Our data showed that PANC-1 cells were more resistant to AR-42 than the other cell lines tested, which is consistent with previous reports of PANC-1’s resistance to other HDAC inhibitors, including SAHA, trichostatin A, and panobinostat [9], [11], [39]. For instance, it was reported that SAHA did not inhibit proliferation, had no significant effect on PARP cleavage or caspase-3, and failed to induce expression of p21 in PANC-1 cells, leading the authors to conclude that the major mechanism by which SAHA induces growth arrest in some pancreatic cancer cell lines is dependent on p21 upregulation [11]. In our study, however, despite sensitivity to AR-42–induced upregulation of p21 at sub-μM concentrations and to HDAC inhibition as indicated by increased acetylated-H3, PANC-1 cells were markedly more resistant to the antiproliferative effects of AR-42 (IC50 > 2 μM). The lack of Akt dephosphorylation and the need for a higher dose of AR-42 to downregulate BCL-XL expression in PANC-1 cells may suggest a mechanism by which this cell line is more resistant to HDAC inhibitors. Characterizing the molecular determinants of this resistance may be useful in identifying responsive patient subpopulations.
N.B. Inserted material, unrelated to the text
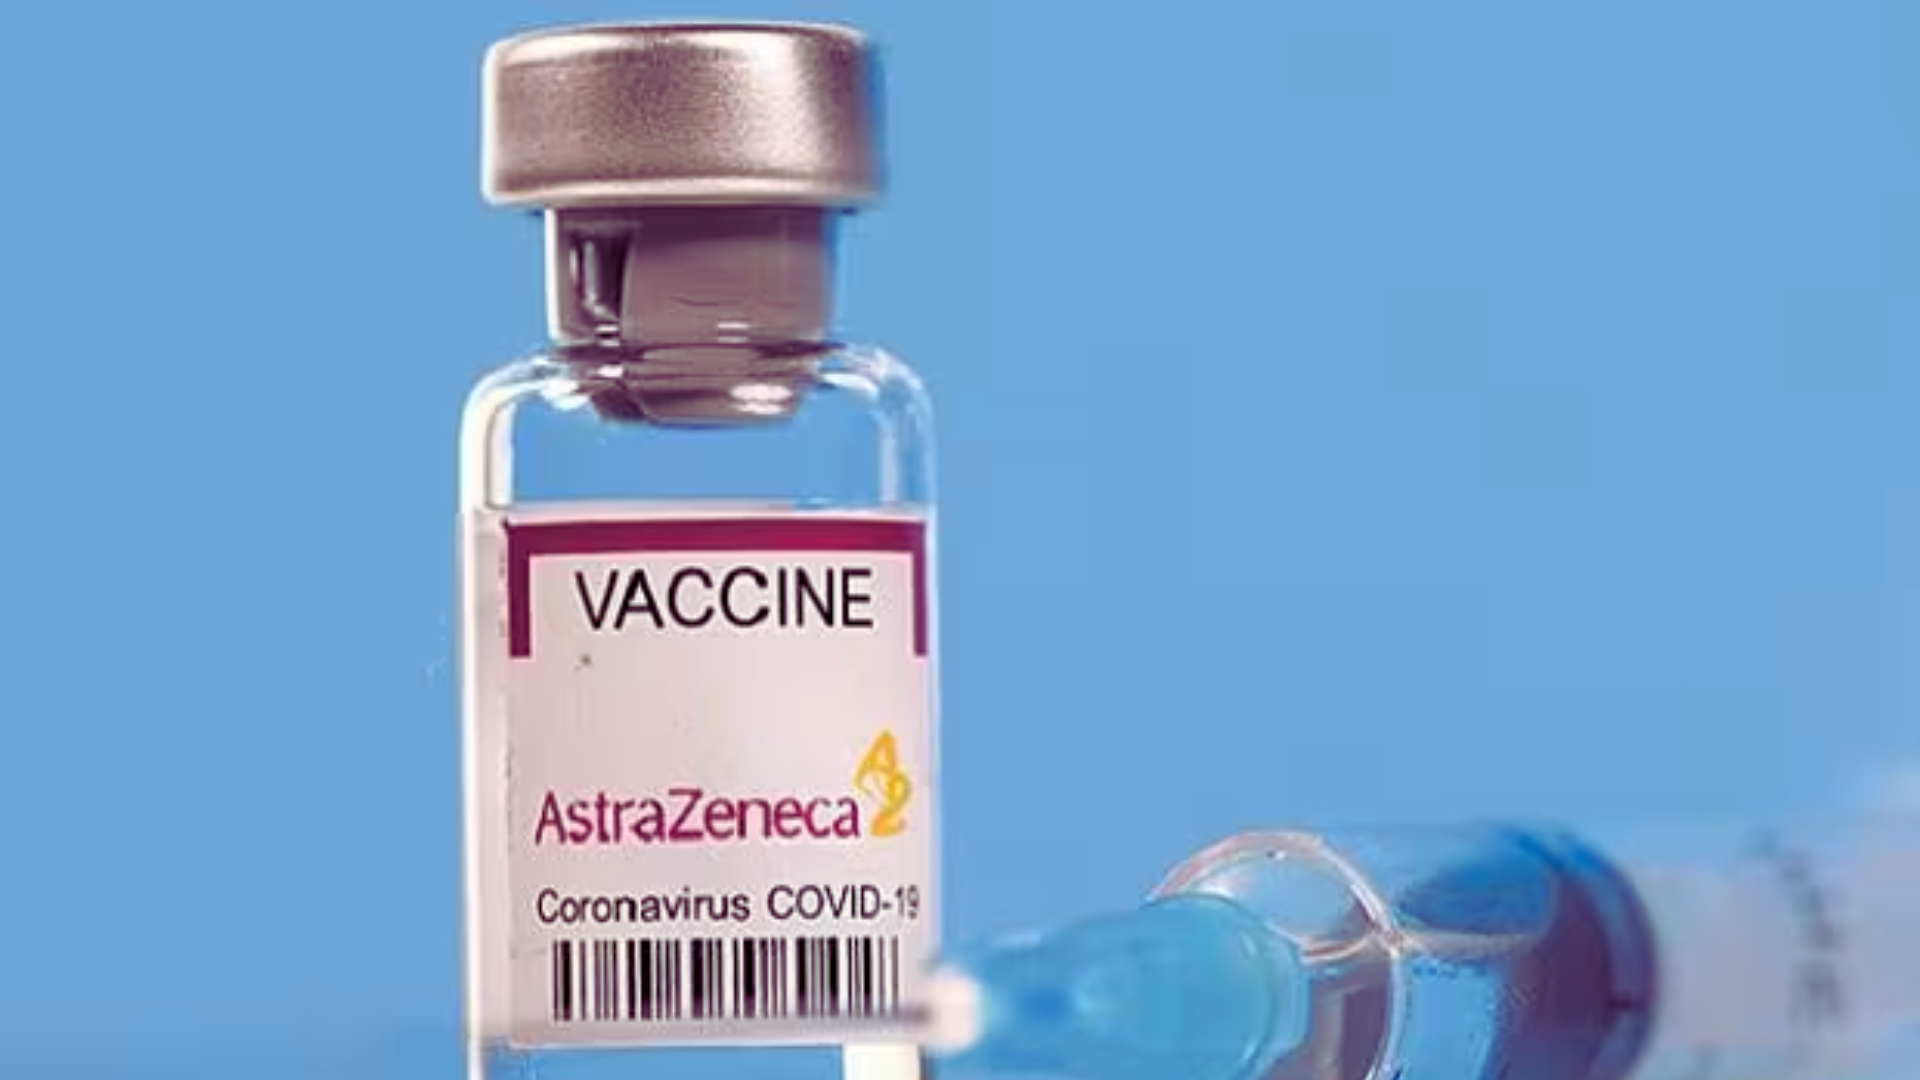 AstraZeneca Acknowledges In Court: COVID Vaccine May Rarely Cause TTS Side Effects

These in vitro antiproliferative effects of AR-42 were reflected in our in vivo studies, in which oral AR-42 suppressed tumor growth in both the subcutaneous AsPC-1 xenograft tumor model and the genetically engineered KPfl/flC model of pancreatic cancer. This tumor suppression was associated with changes in intratumoral biomarkers that reflected drug effects observed in vitro. These included proapoptotic changes in the expression of BCL-XL and BAK and antiproliferative changes in c-Myc, PCNA, and cyclin B1 expression, which were associated with biomarkers of HDAC inhibition.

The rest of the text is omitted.